Department of Microbiology, Oslo University Hospital and University of Oslo, P.O. Box 4950 Nydalen, 0424 Oslo, Norway.
J Struct Biol. 2013 Jul;183(1):66-75. doi: 10.1016/j.jsb.2013.04.007. Epub 2013 Apr 25.
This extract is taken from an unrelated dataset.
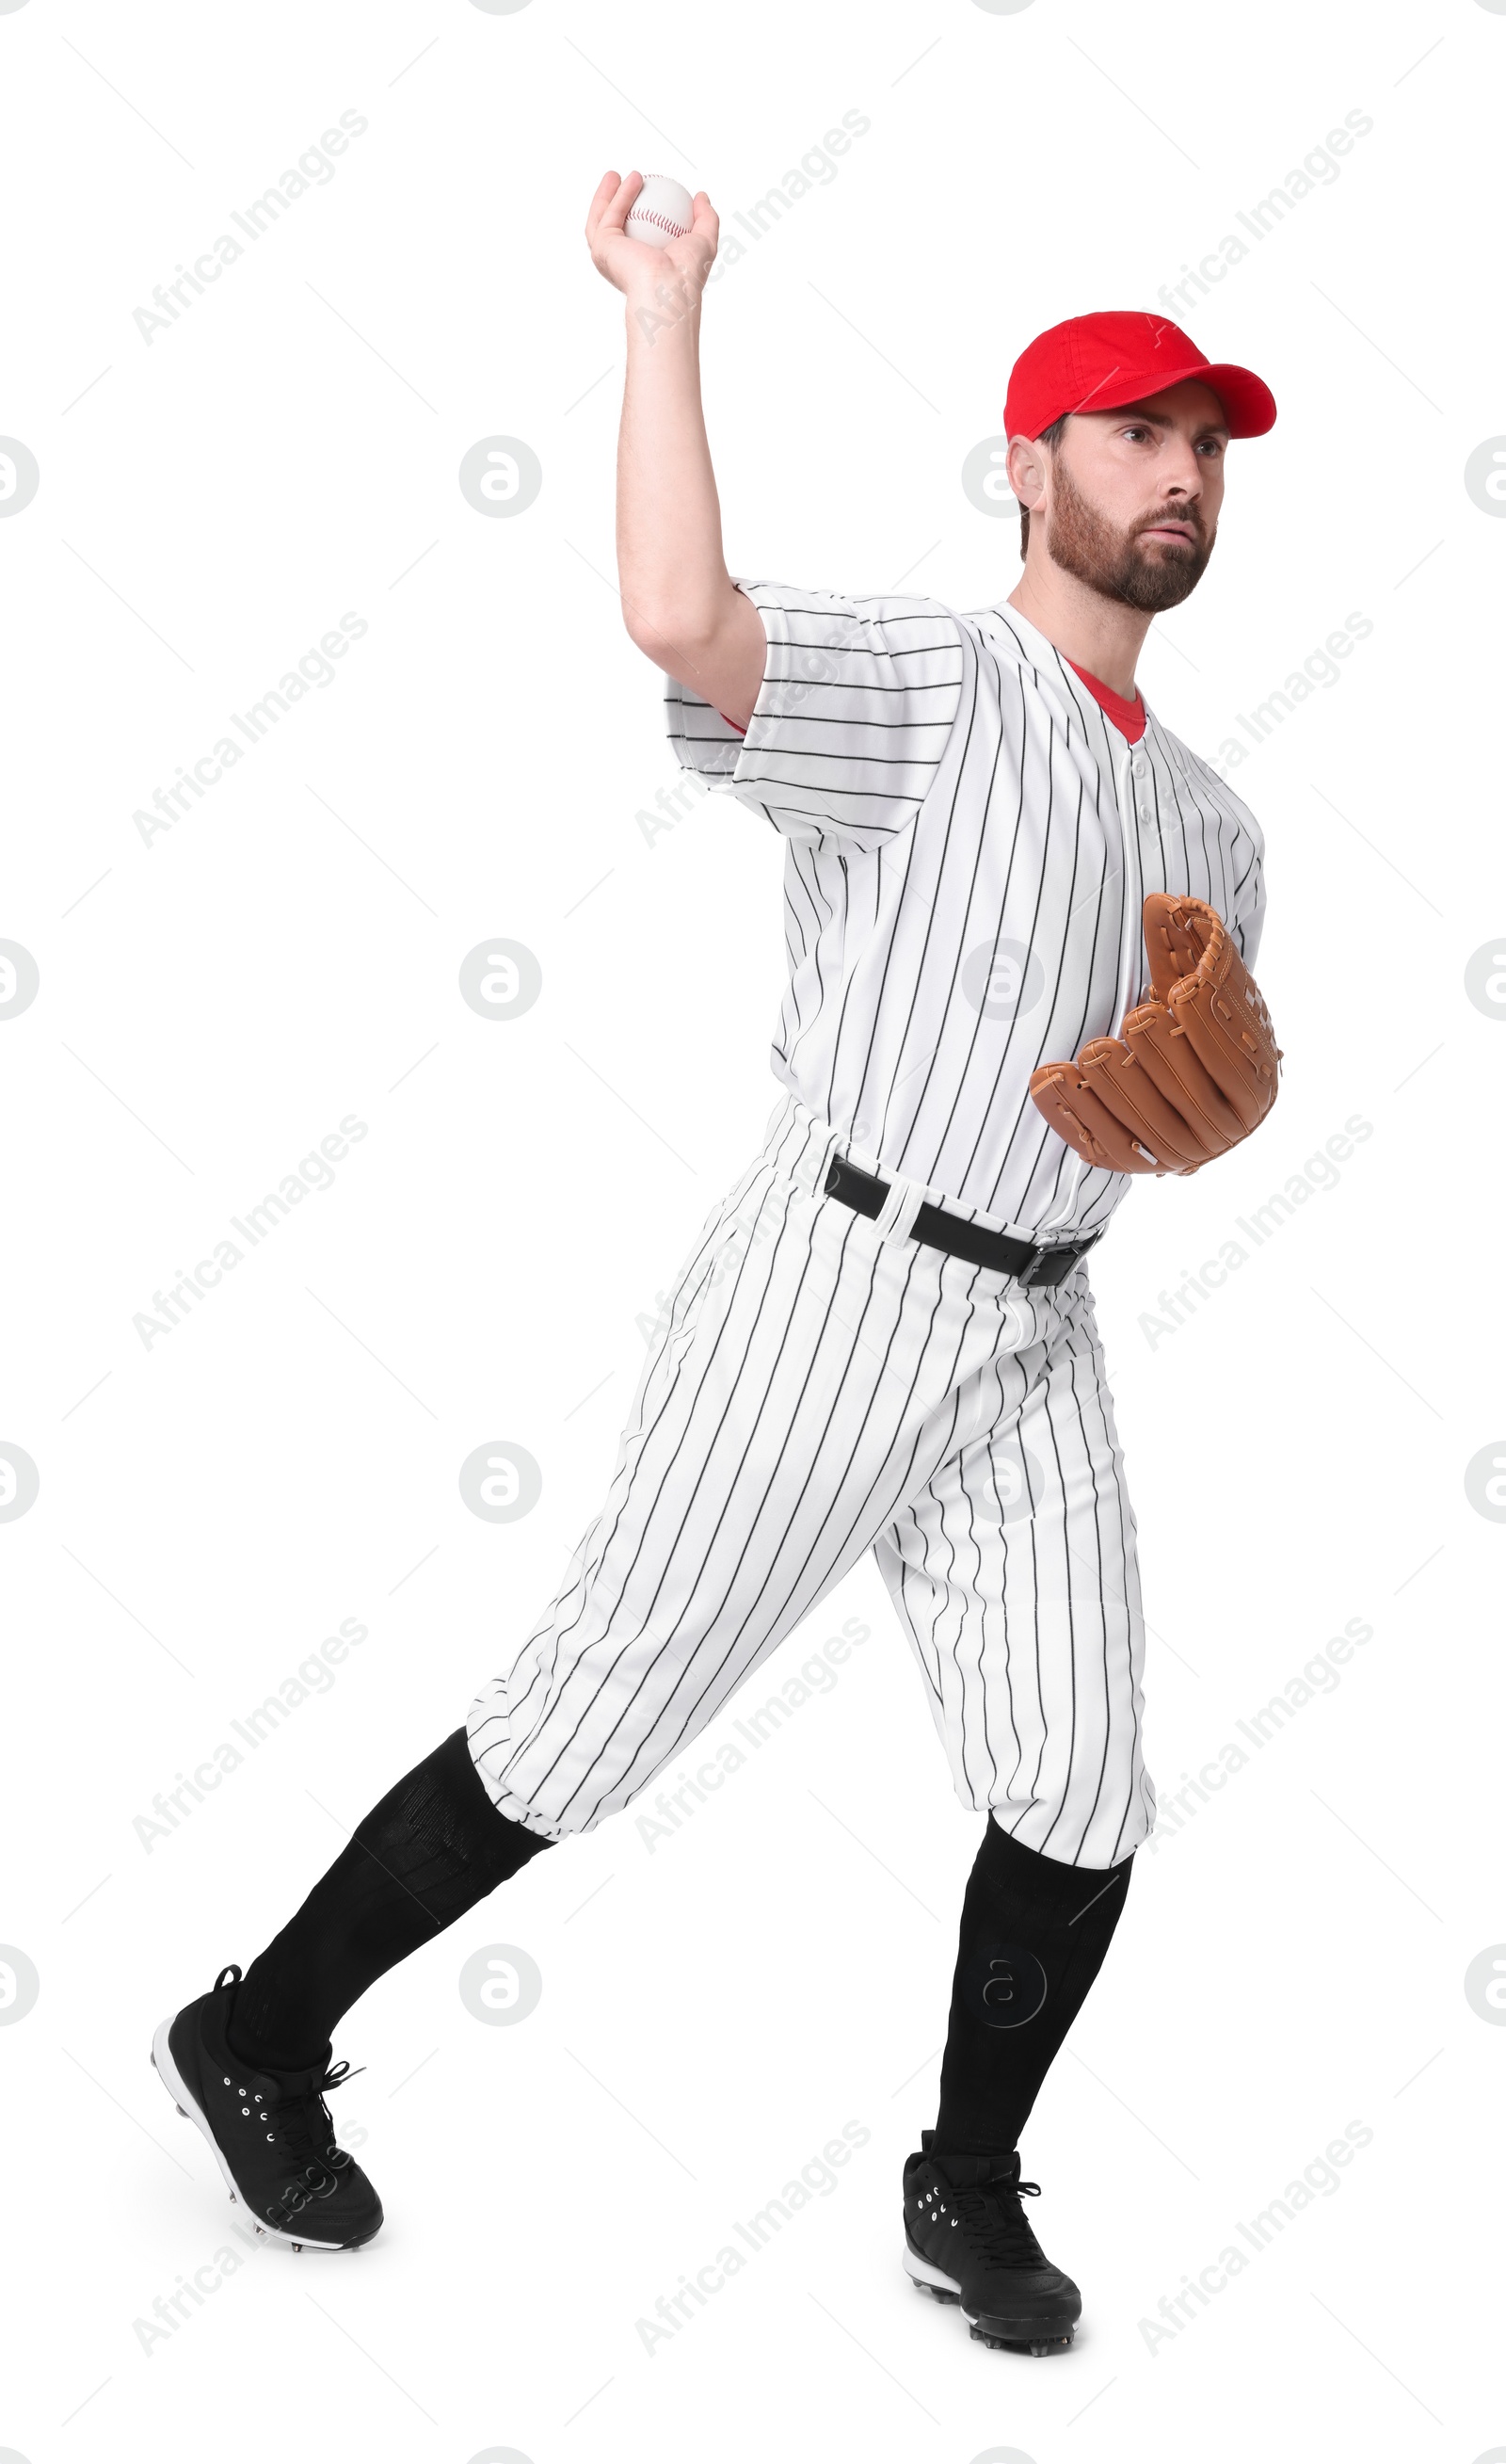 Photo of Baseball player throwing ball on white background
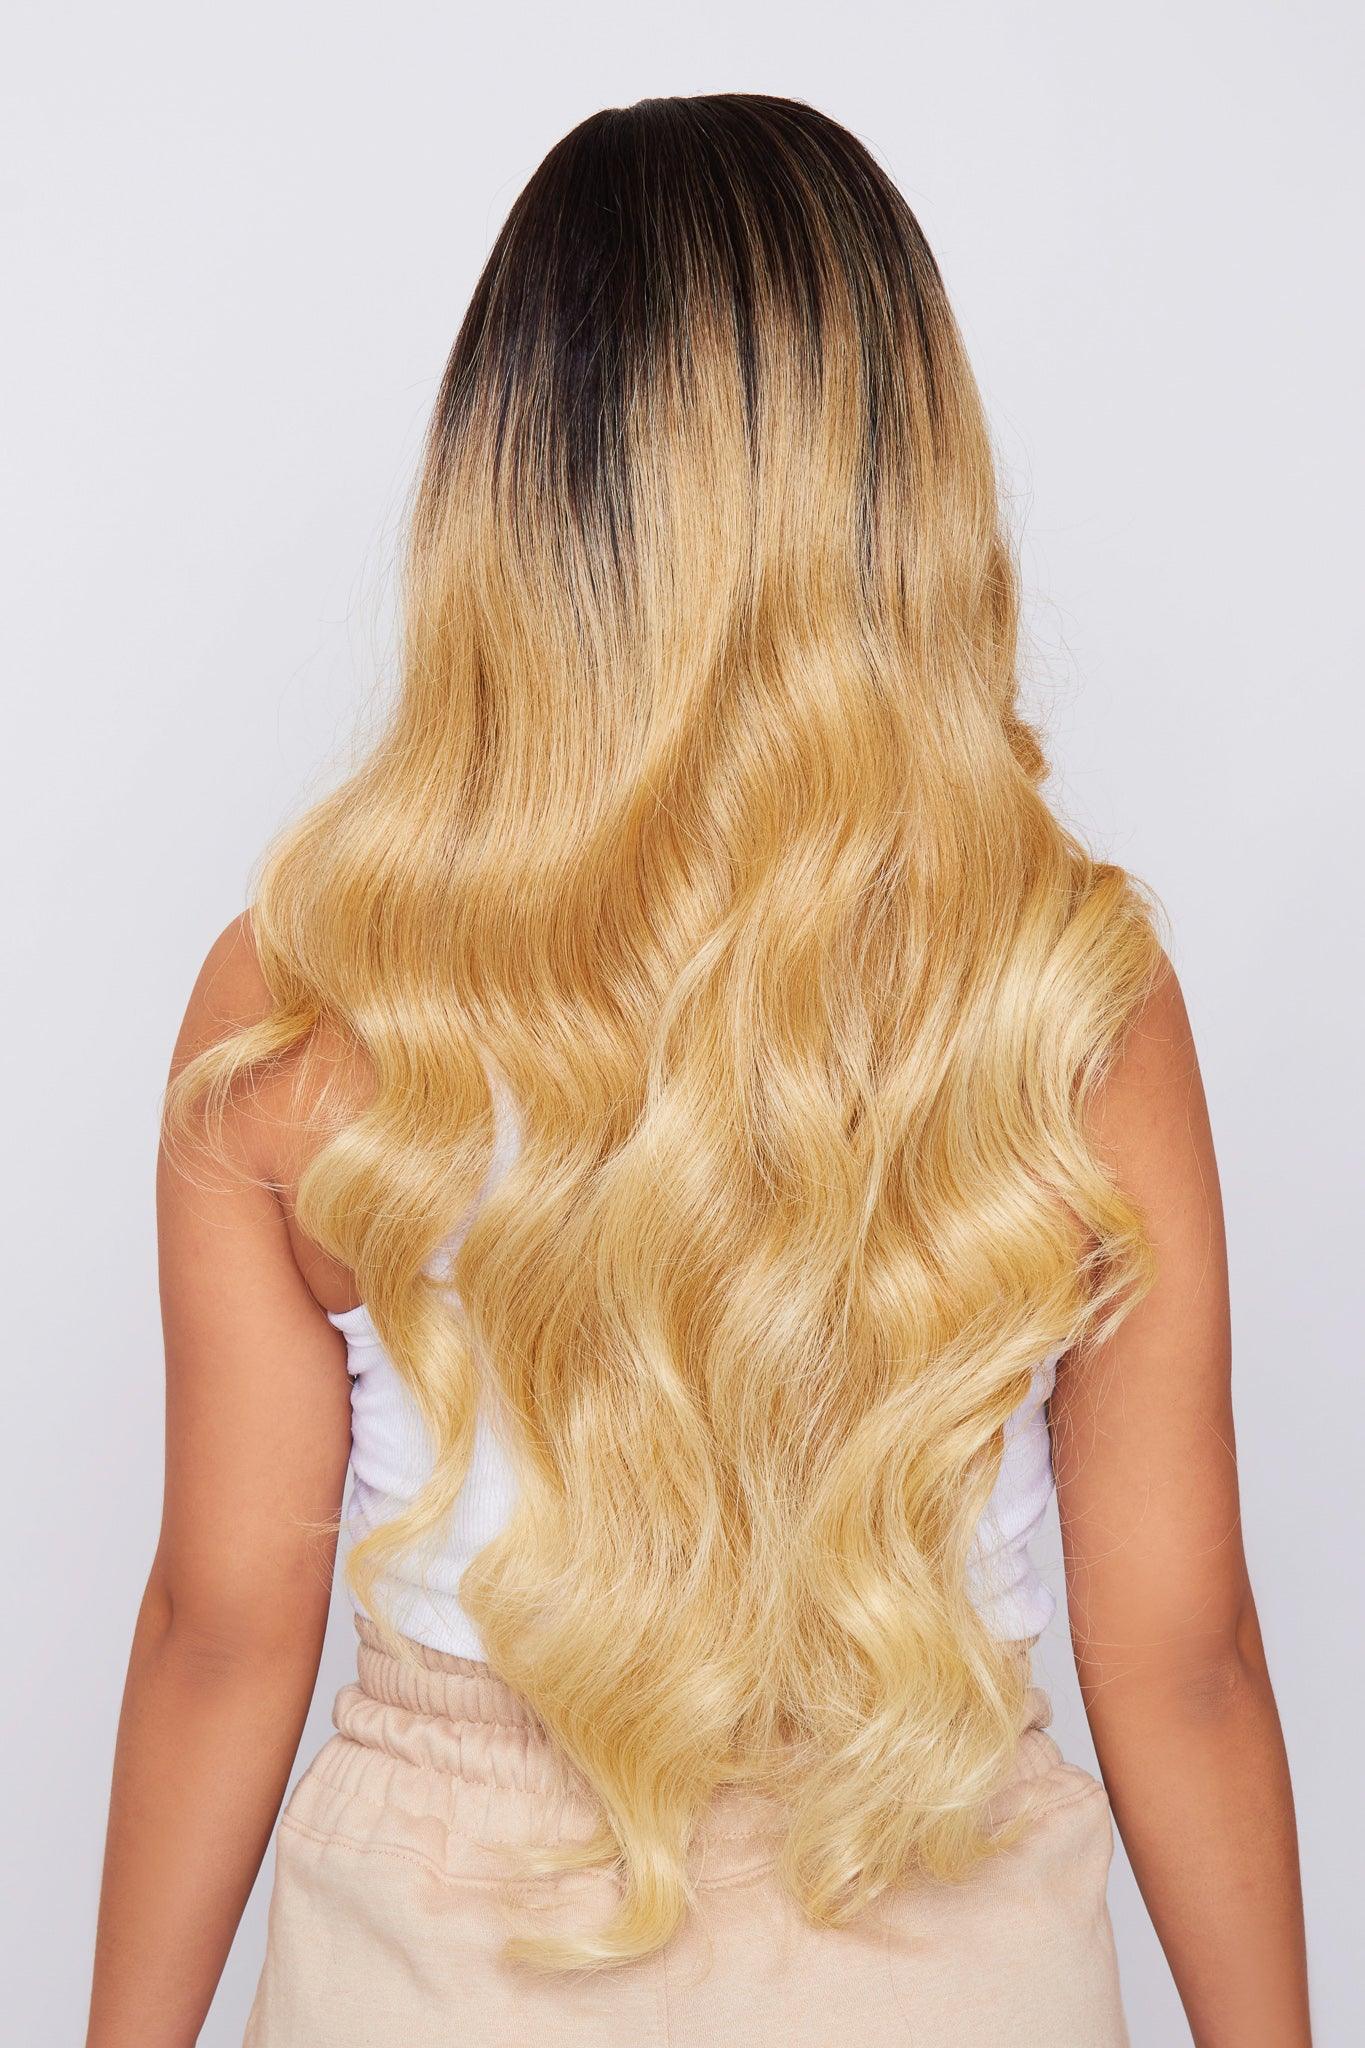 beautiful ombre blonde long wavy wig being worn by model from hair brand pbeauty hair

The recently discovered HEAT-like repeat (HLR) DNA glycosylase superfamily is widely distributed in all domains of life. The present bioinformatics and phylogenetic analysis shows that HLR DNA glycosylase superfamily members in the genus Bacillus form three subfamilies: AlkC, AlkD and AlkF/AlkG. The crystal structure of AlkF shows structural similarity with the DNA glycosylases AlkC and AlkD, however neither AlkF nor AlkG display any DNA glycosylase activity. Instead, both proteins have affinity to branched DNA structures such as three-way and Holliday junctions. A unique β-hairpin in the AlkF/AlkG subfamily is most likely inserted into the DNA major groove, and could be a structural determinant regulating DNA substrate affinity. We conclude that AlkF and AlkG represent a new family of HLR proteins with affinity for branched DNA structures.
最近发现的热激样重复(HLR)DNA 糖苷酶超家族广泛分布于所有生命领域。目前的生物信息学和系统发育分析表明,芽孢杆菌属中的 HLR DNA 糖苷酶超家族成员形成三个亚家族:AlkC、AlkD 和 AlkF/AlkG。AlkF 的晶体结构与 DNA 糖苷酶 AlkC 和 AlkD 具有结构相似性,但 AlkF 和 AlkG 均不显示任何 DNA 糖苷酶活性。相反,这两种蛋白质都与分支 DNA 结构(如三链和 Holliday 连接)具有亲和力。AlkF/AlkG 亚家族中的一个独特的β发夹很可能插入到 DNA 大沟中,并且可能是调节 DNA 底物亲和力的结构决定因素。我们得出结论,AlkF 和 AlkG 代表了一个具有分支 DNA 结构亲和力的 HLR 蛋白新家族。